In South Korea, age is counted differently: once a baby is born, it is considered one year old. Every new year (January 1st) the same baby already marks the second year, which means that someone born in December can reach the twoyear mark in a few weeks of life.
In practice, the country has three different systems for counting a person’s age: there is an international system that uses a person’s date of birth; the official method, in which babies are born at the age of 0 and gain a year every January 1st, and the “Korean age” method, which is the most widely used, in which everyone is automatically one year old at birth and one year old is older on New Year’s Day, regardless of birth date.

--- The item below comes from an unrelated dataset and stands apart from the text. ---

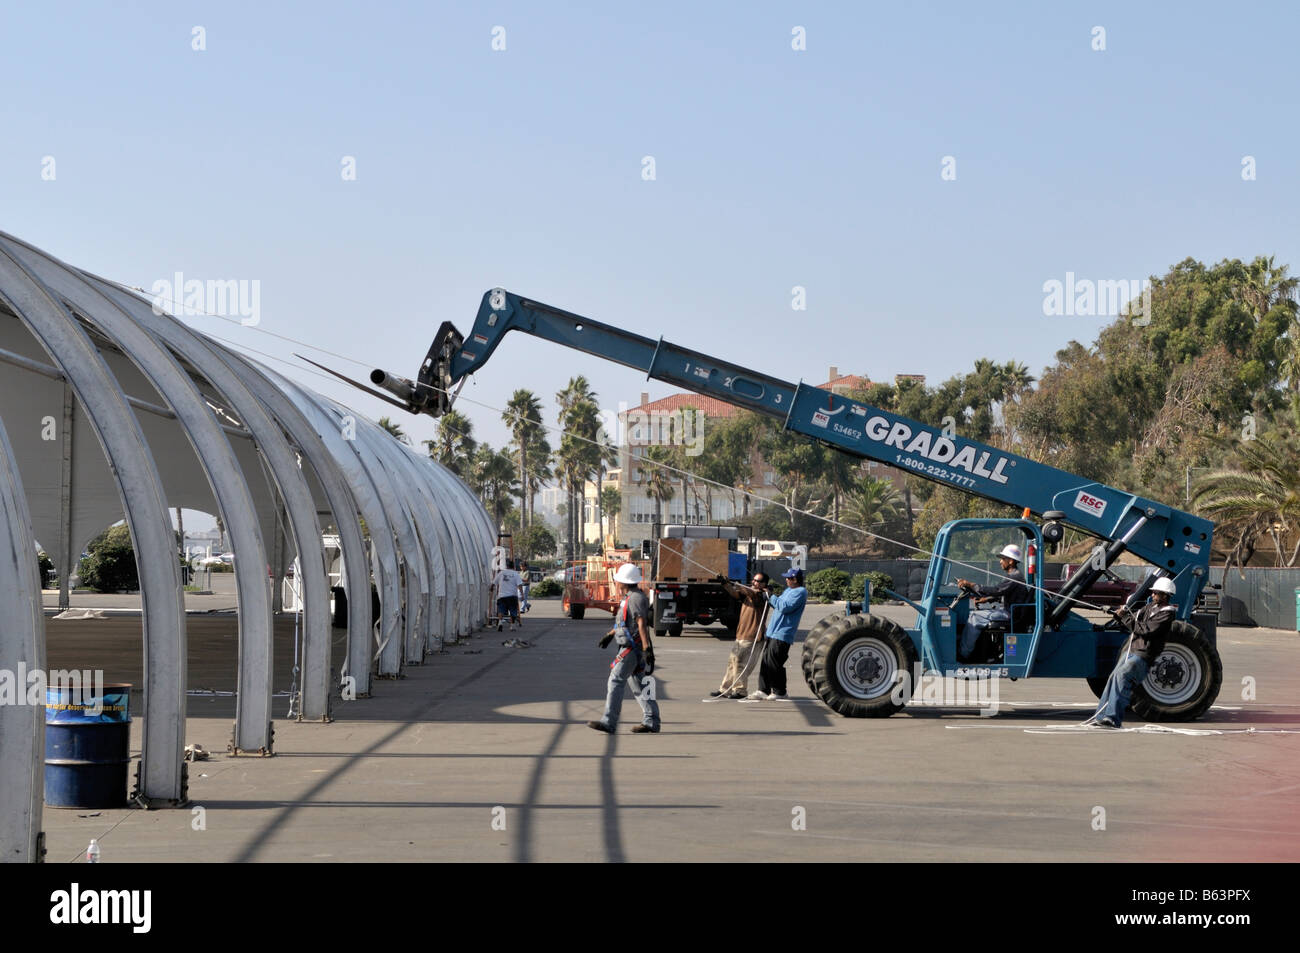 Una gran estructura de tienda se eleva en un estacionamiento en la playa de Santa Monica Foto de stock
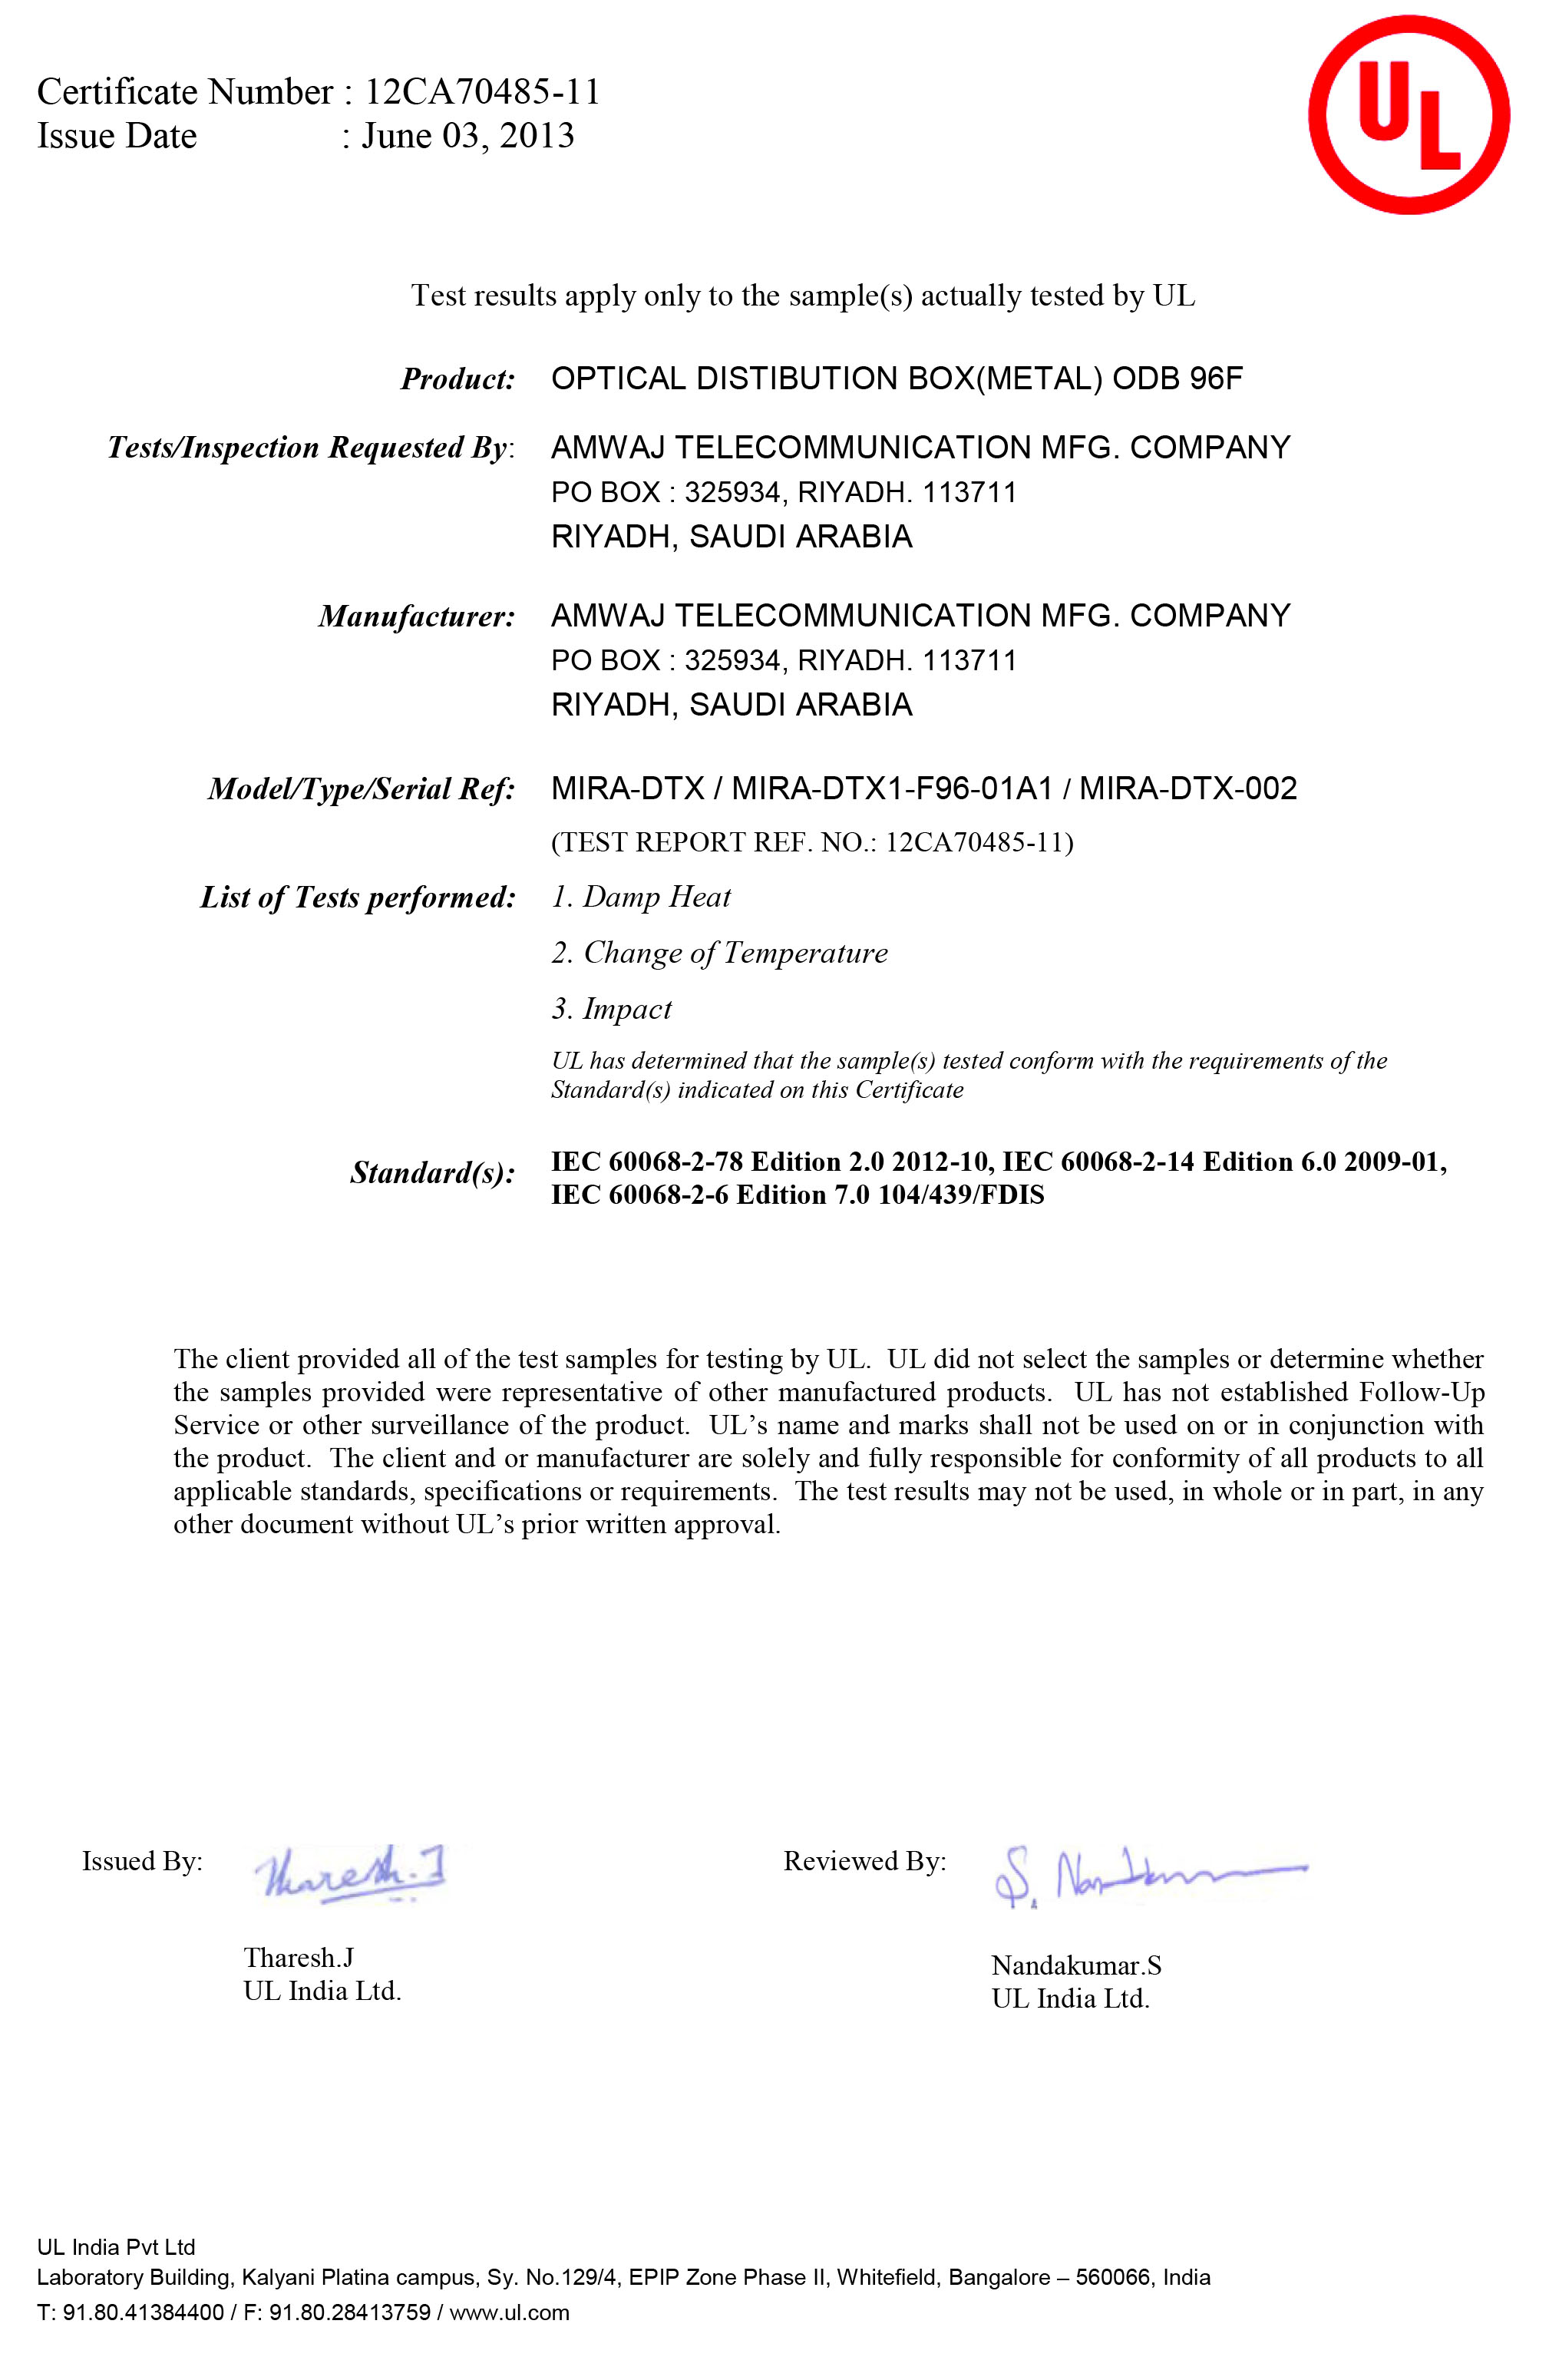 UL Certificate for ODB 96F(Metal)

This means that a person born on December 30, 1995 would be 28 years Korean, 26 years International and at the same time 27 years old. This tradition of age calculation began in China and has been part of the culture of various parts of Asia, but South Korea is the only country that still maintains it.
South Korea has its own way of counting ages (Image: Twenty20photos/envato)
Maybe not even for long. The country intends to abolish this method, which is already having some social and even economic consequences due to ongoing confusion and disputes over age calculation for social, pension and other administrative benefits.
This confusion was particularly acute during the pandemic, as public health officials used international age and Korean age interchangeably to define the age range for COVID19 vaccine eligibility. The idea of inventing a standard is not entirely new, however. Draft laws have been circulating in South Korea since 2019.